### Instructions to follow
The output should contain the listing word for word and no pictures.

### Supplied information
-*-*-
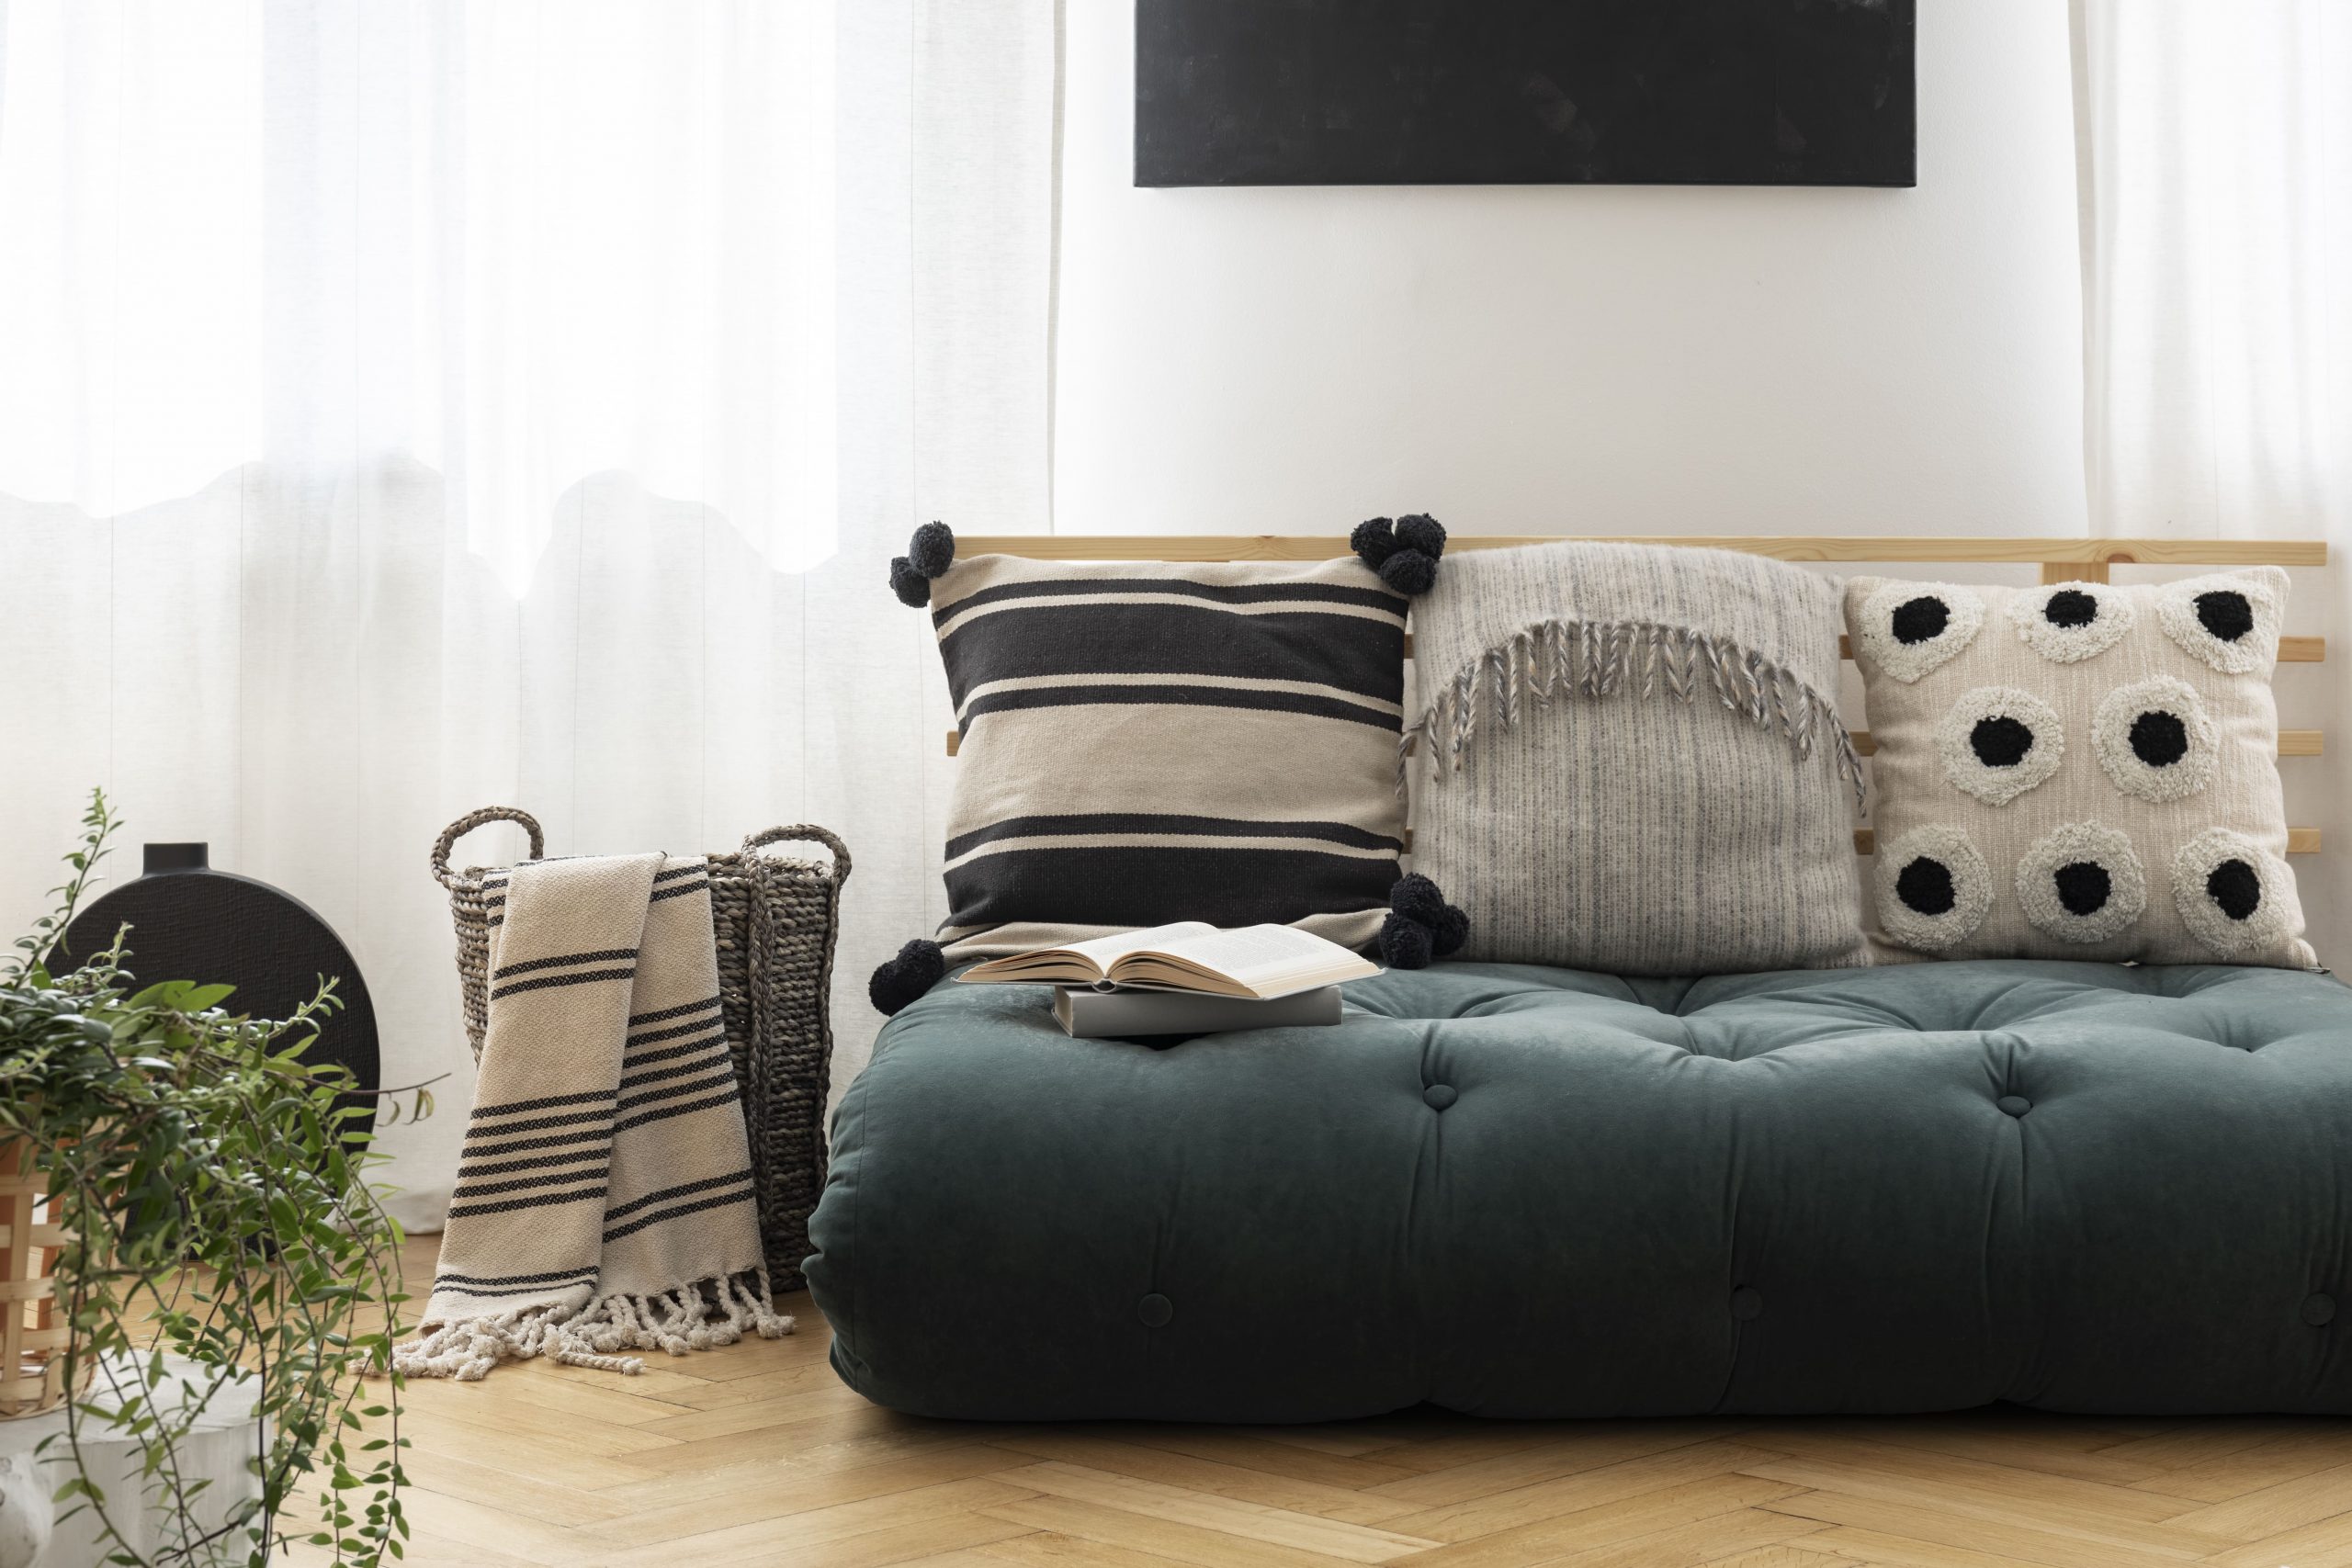 Cómo combinar los cojines para actualizar tu sofá
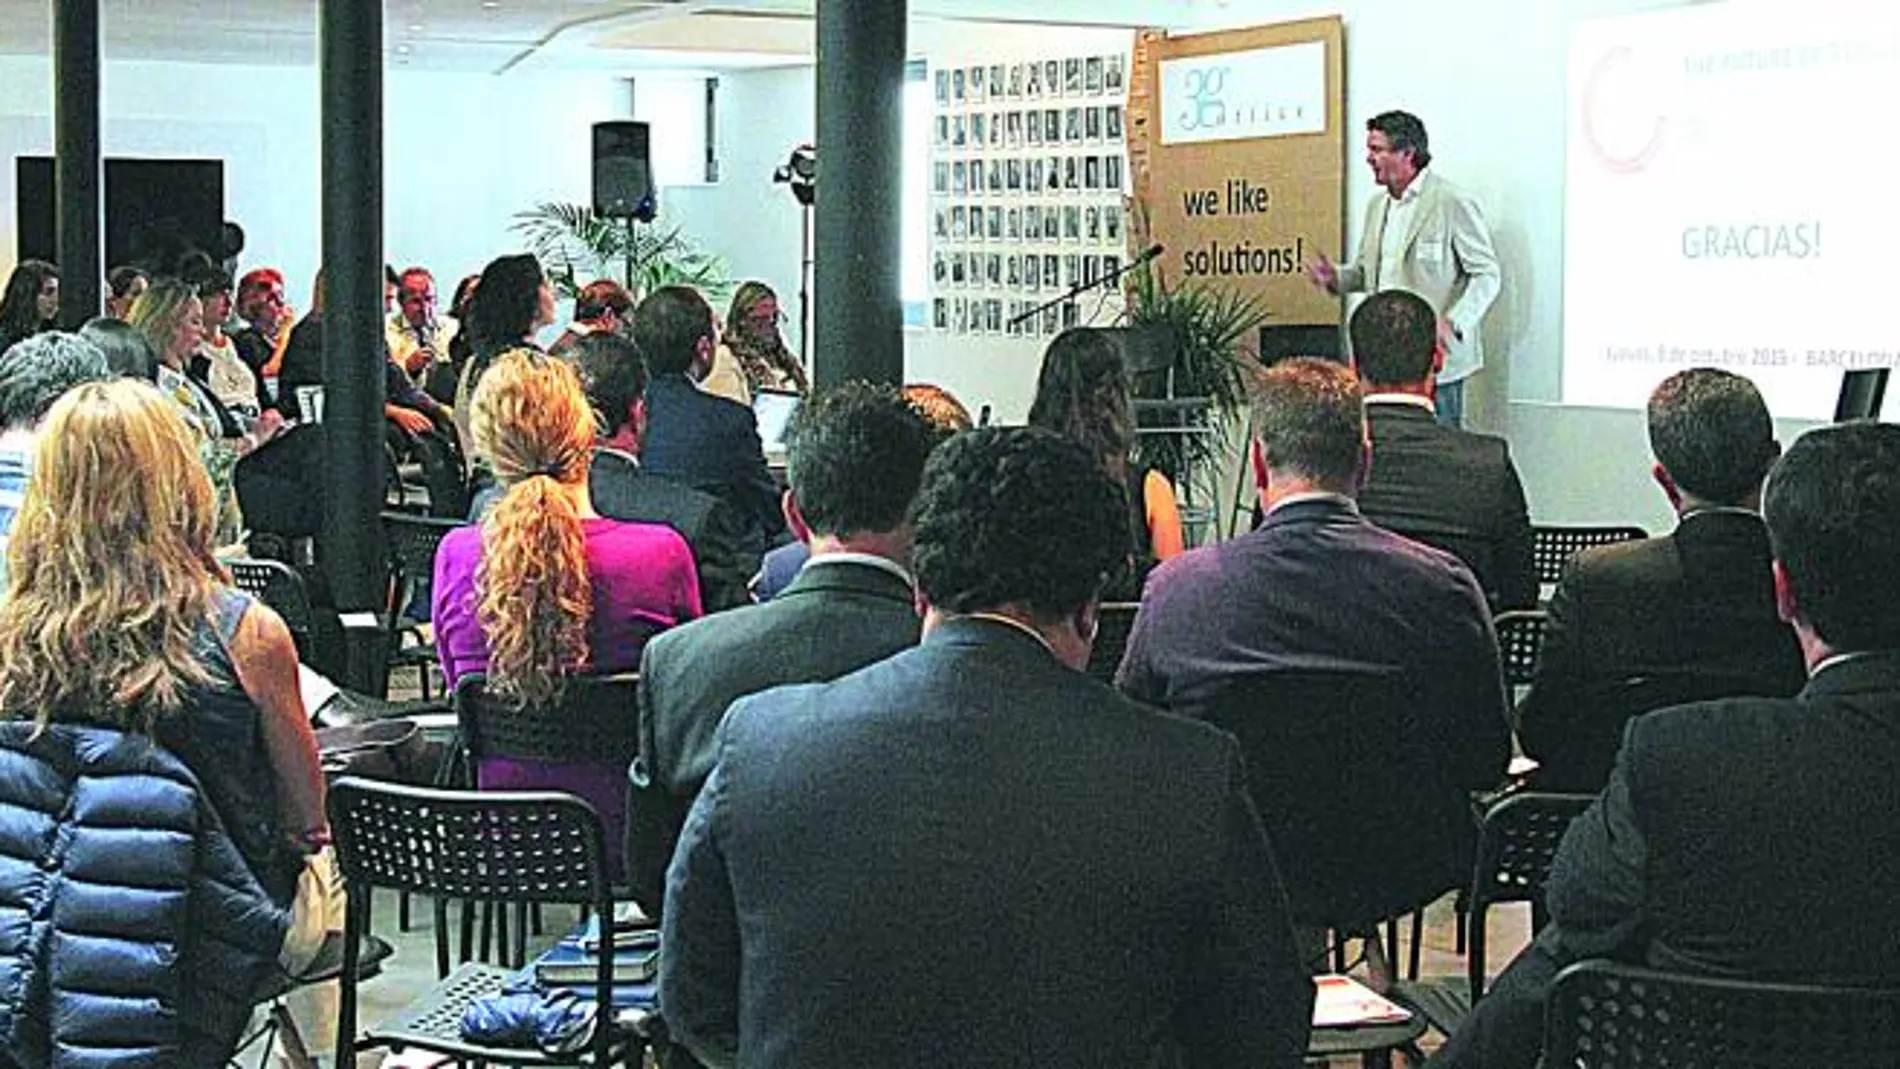 Imagen de la sesión que impartió Francisco Vázquez, de 3g office. A la izquierda, Daniel Yuste durante su intervención
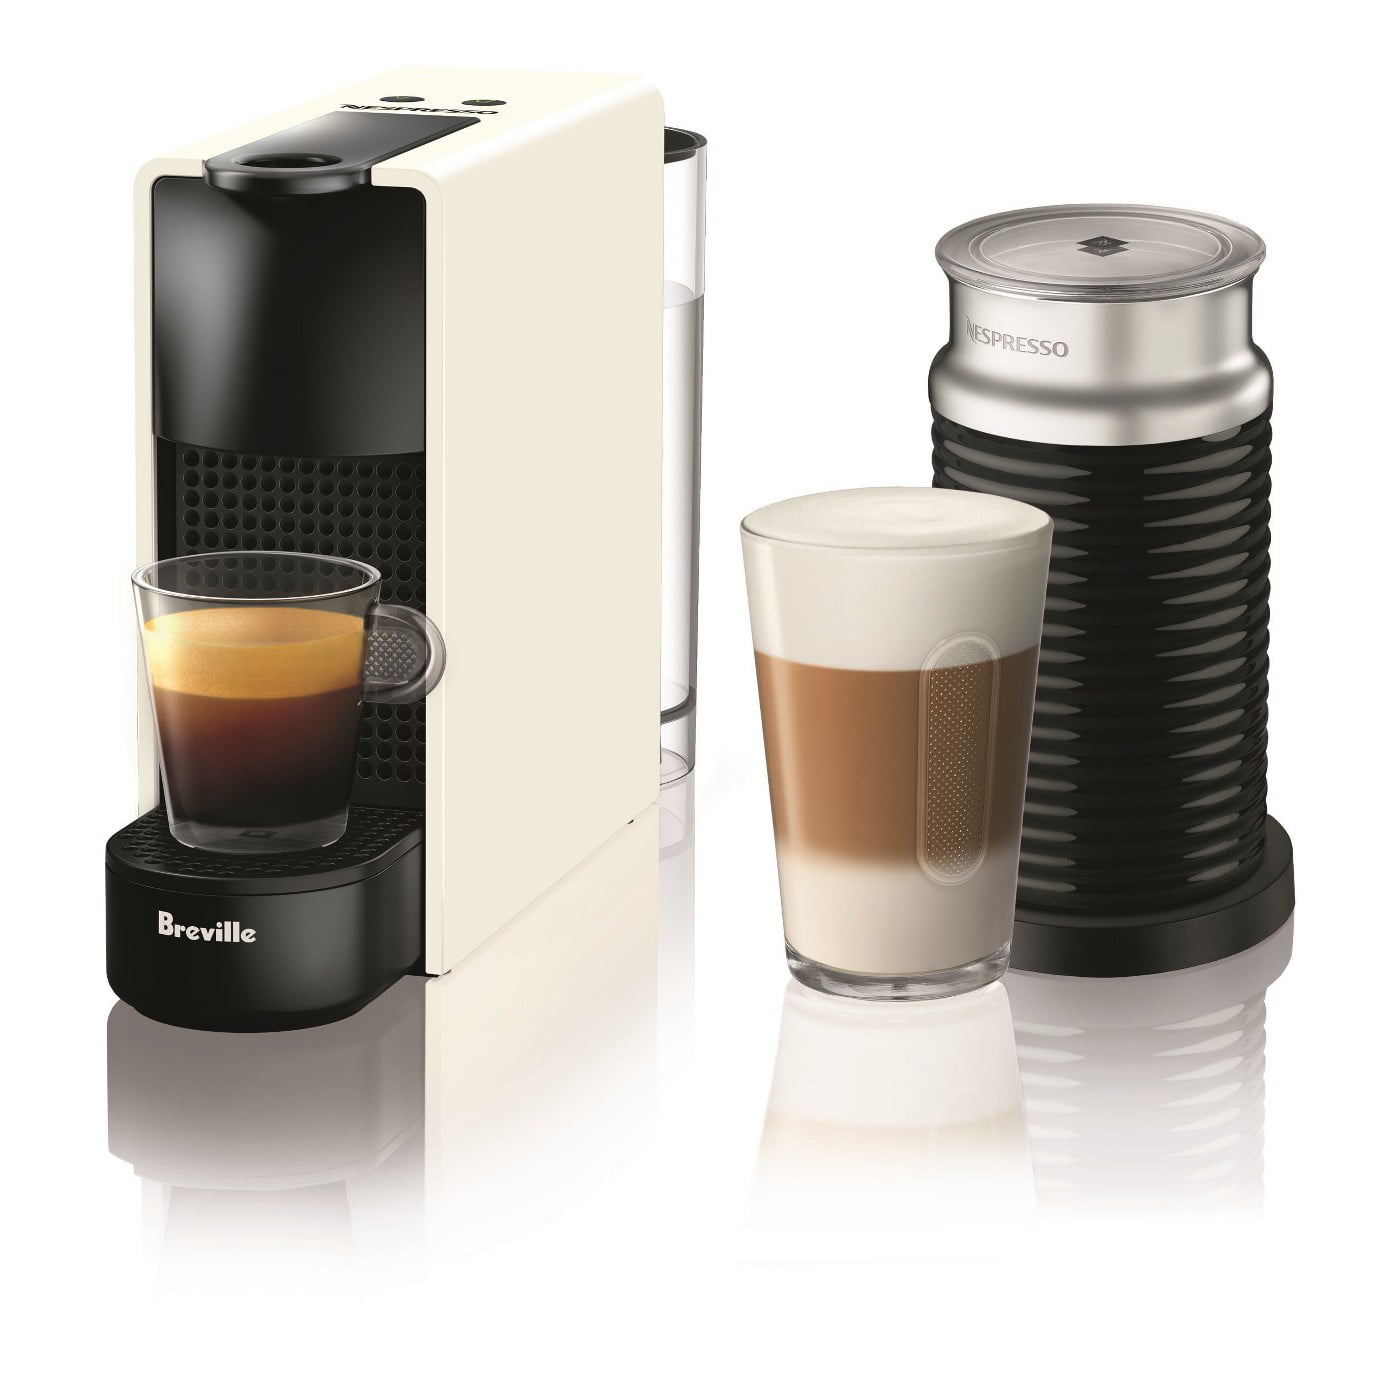 free-nespresso-machine-with-pods-bundle-express-pods-baileys
-*-*-
### Exercise answer
 Cómo combinar los cojines para actualizar tu sofá
 Imagen de la sesión que impartió Francisco Vázquez, de 3g office. A la izquierda, Daniel Yuste durante su intervención
 free-nespresso-machine-with-pods-bundle-express-pods-baileys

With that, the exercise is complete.